▶ DATA LISTING:
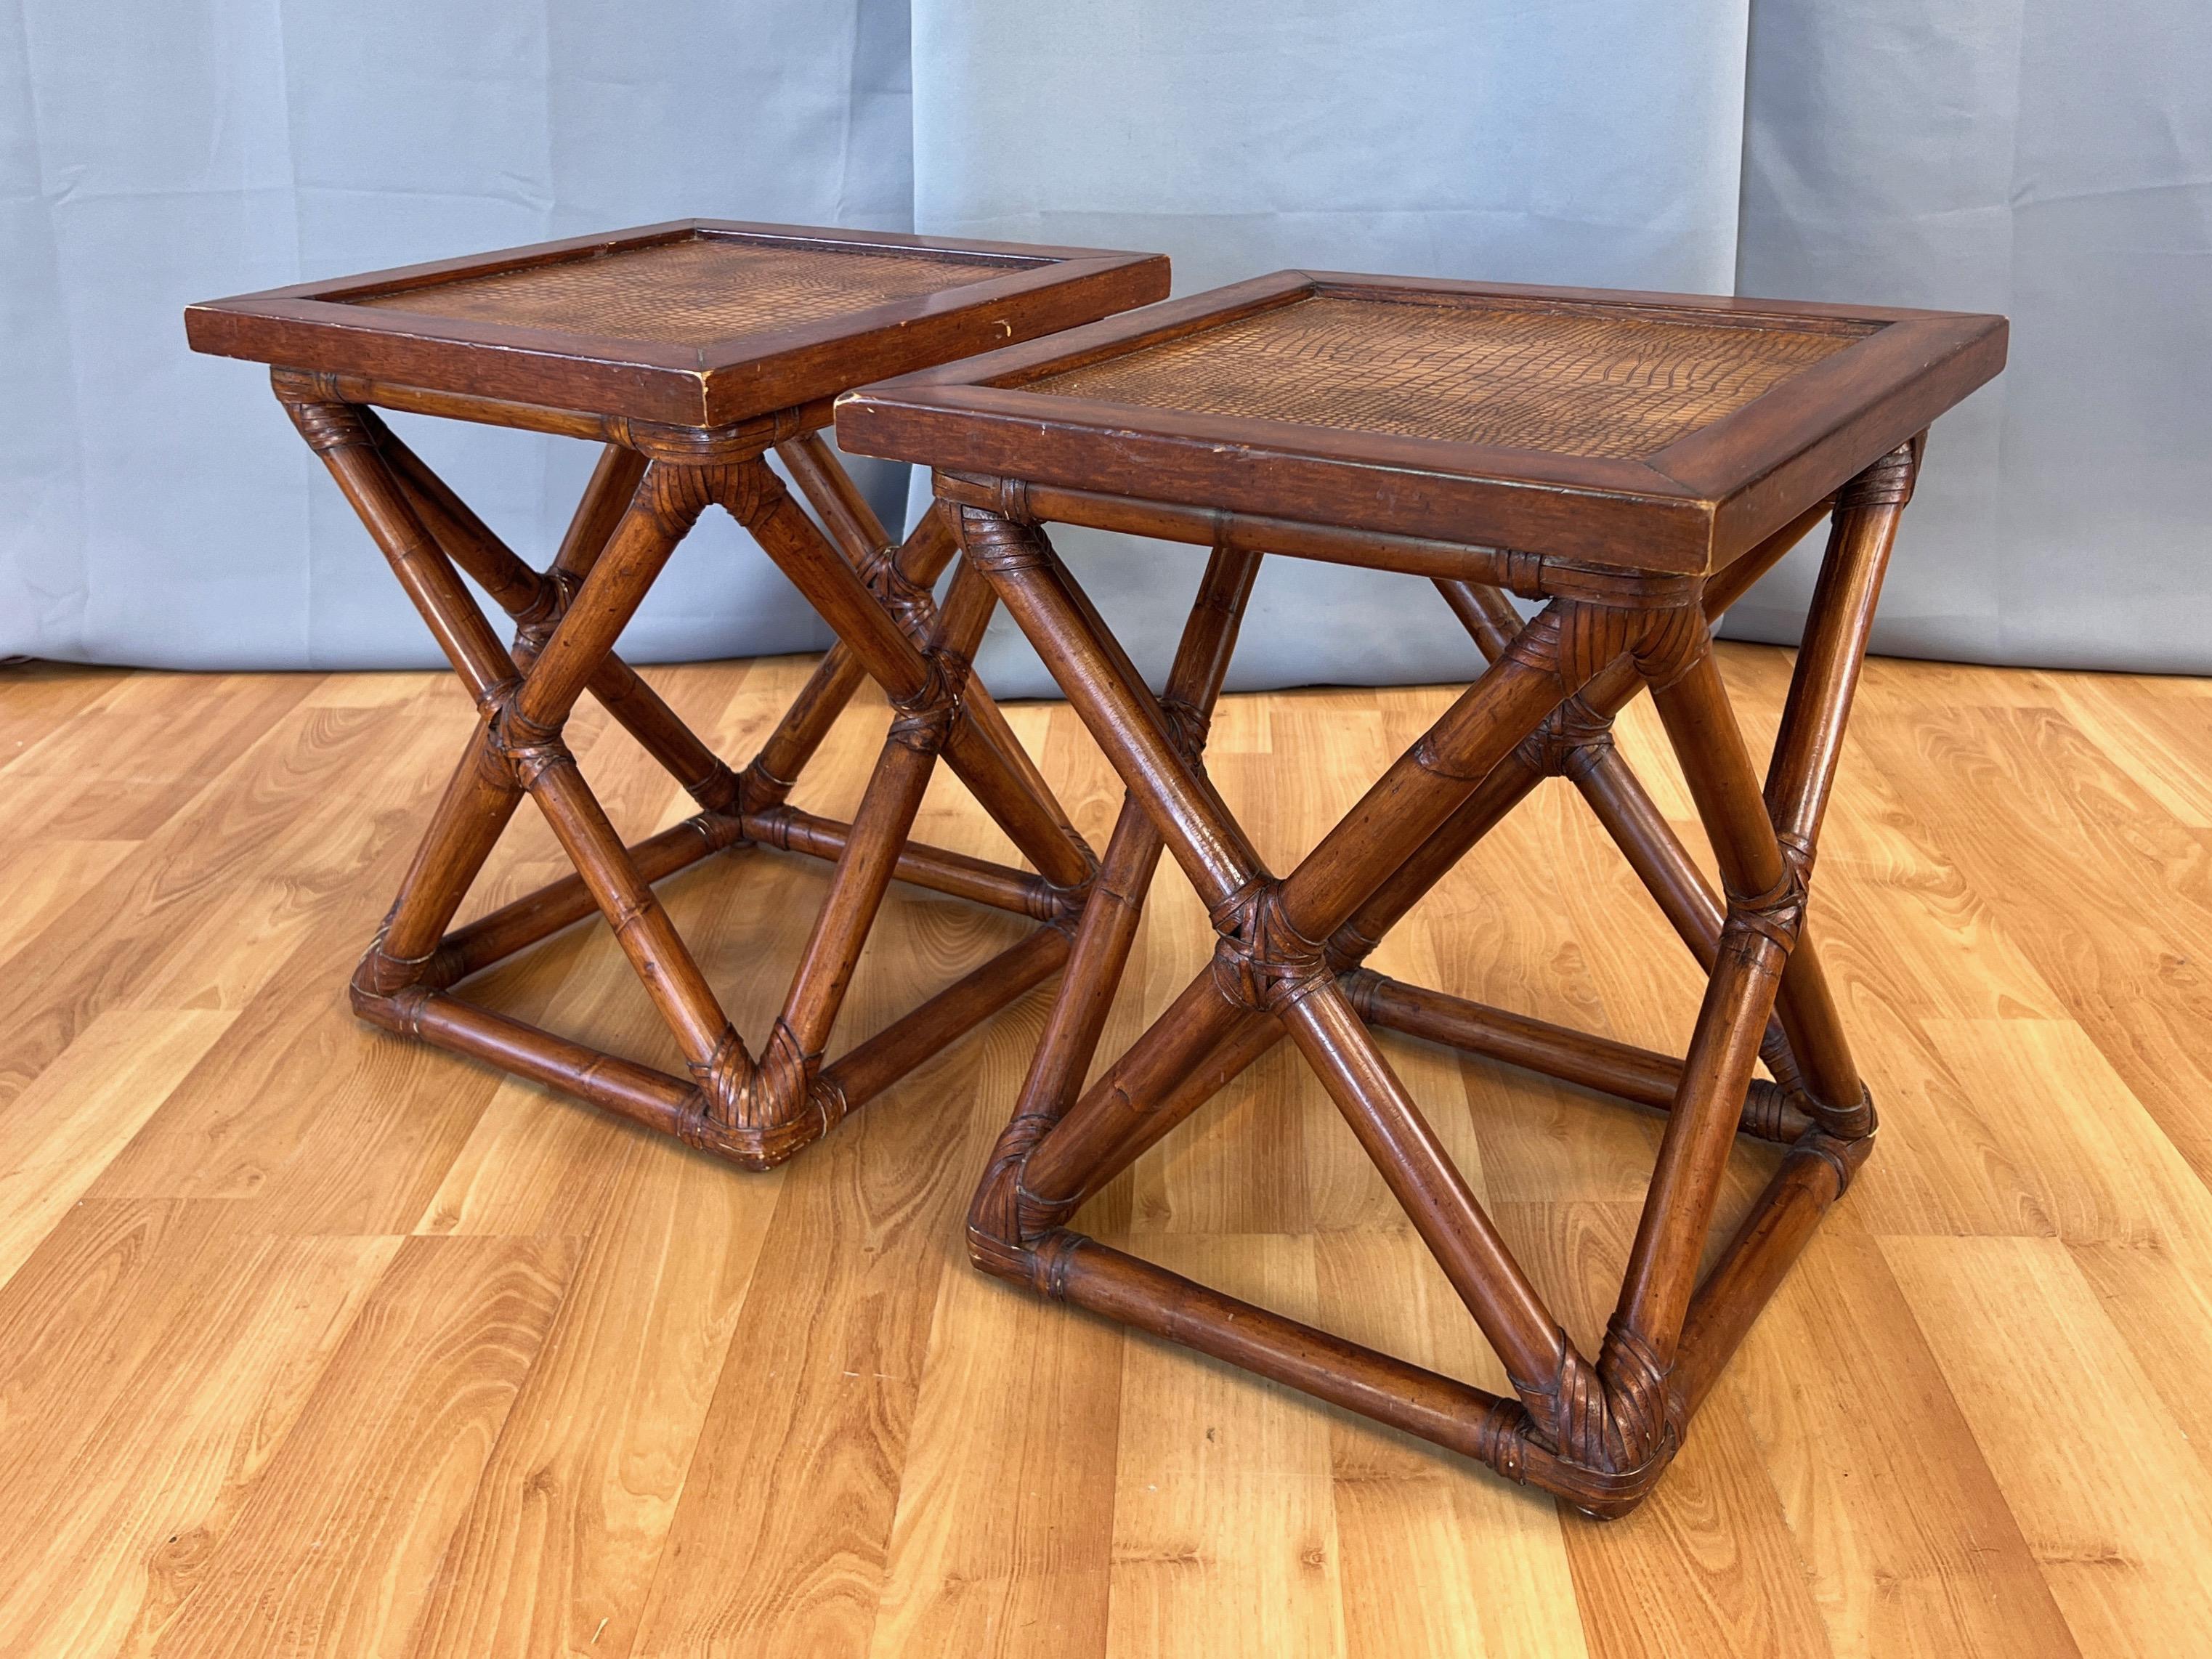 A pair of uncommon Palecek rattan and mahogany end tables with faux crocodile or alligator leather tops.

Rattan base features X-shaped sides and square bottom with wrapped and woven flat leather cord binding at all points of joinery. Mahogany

* * *

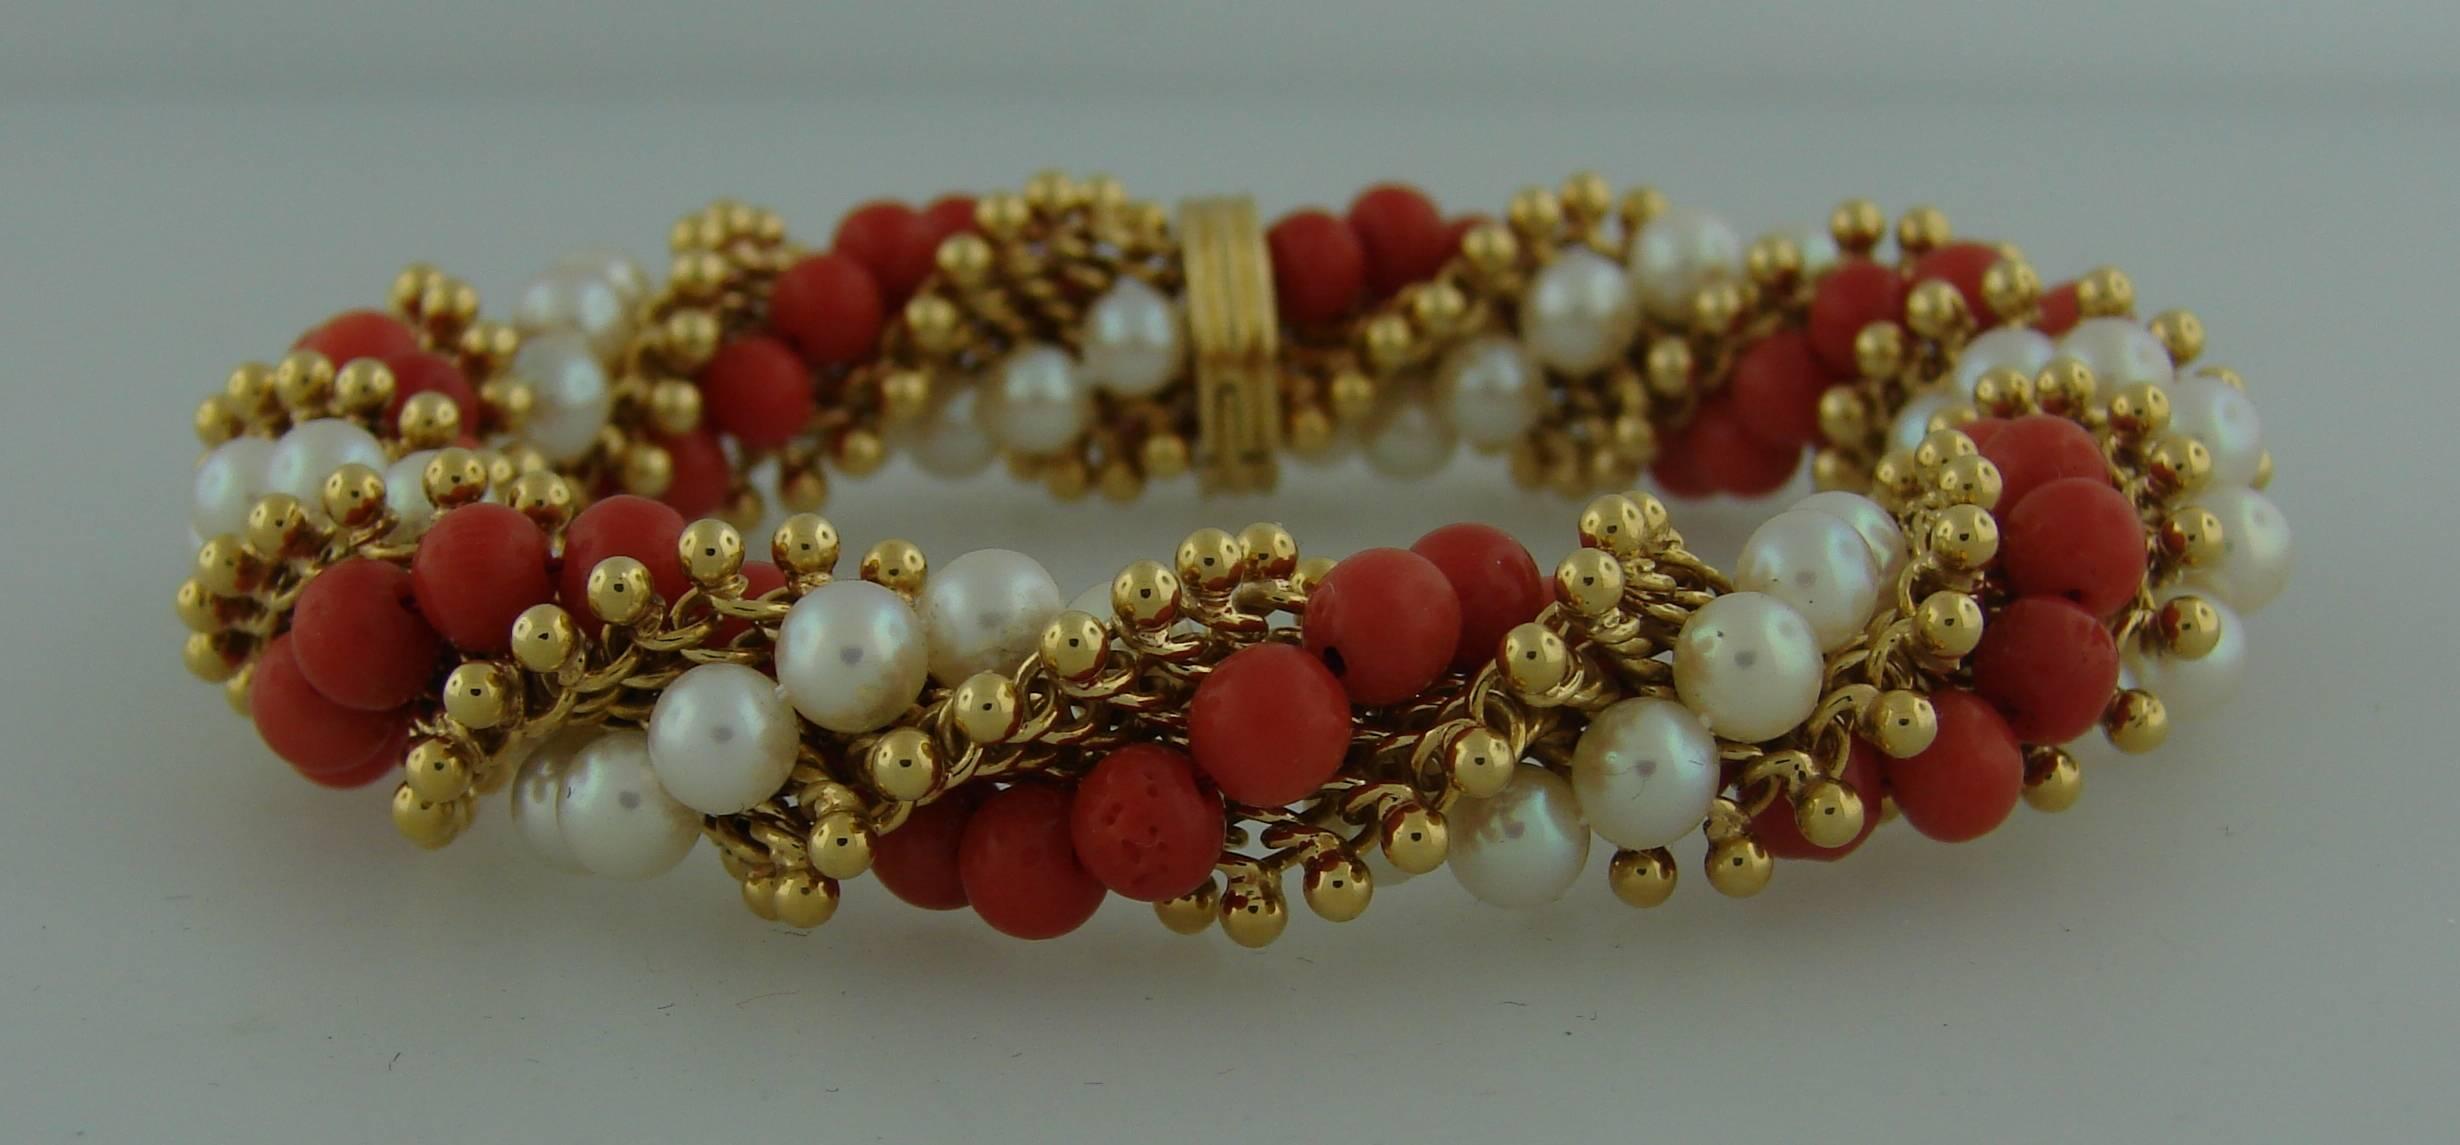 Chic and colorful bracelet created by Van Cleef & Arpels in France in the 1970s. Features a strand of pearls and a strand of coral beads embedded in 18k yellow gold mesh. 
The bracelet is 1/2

▶ WHAT IS EXPECTED:
Going back to the data above, write out everything from the line with "Chic and colorful" down to the line with "The bracelet is 1/2", both included, leaving every picture out.

▶ RESPONSE:
 Chic and colorful bracelet created by Van Cleef & Arpels in France in the 1970s. Features a strand of pearls and a strand of coral beads embedded in 18k yellow gold mesh. 
The bracelet is 1/2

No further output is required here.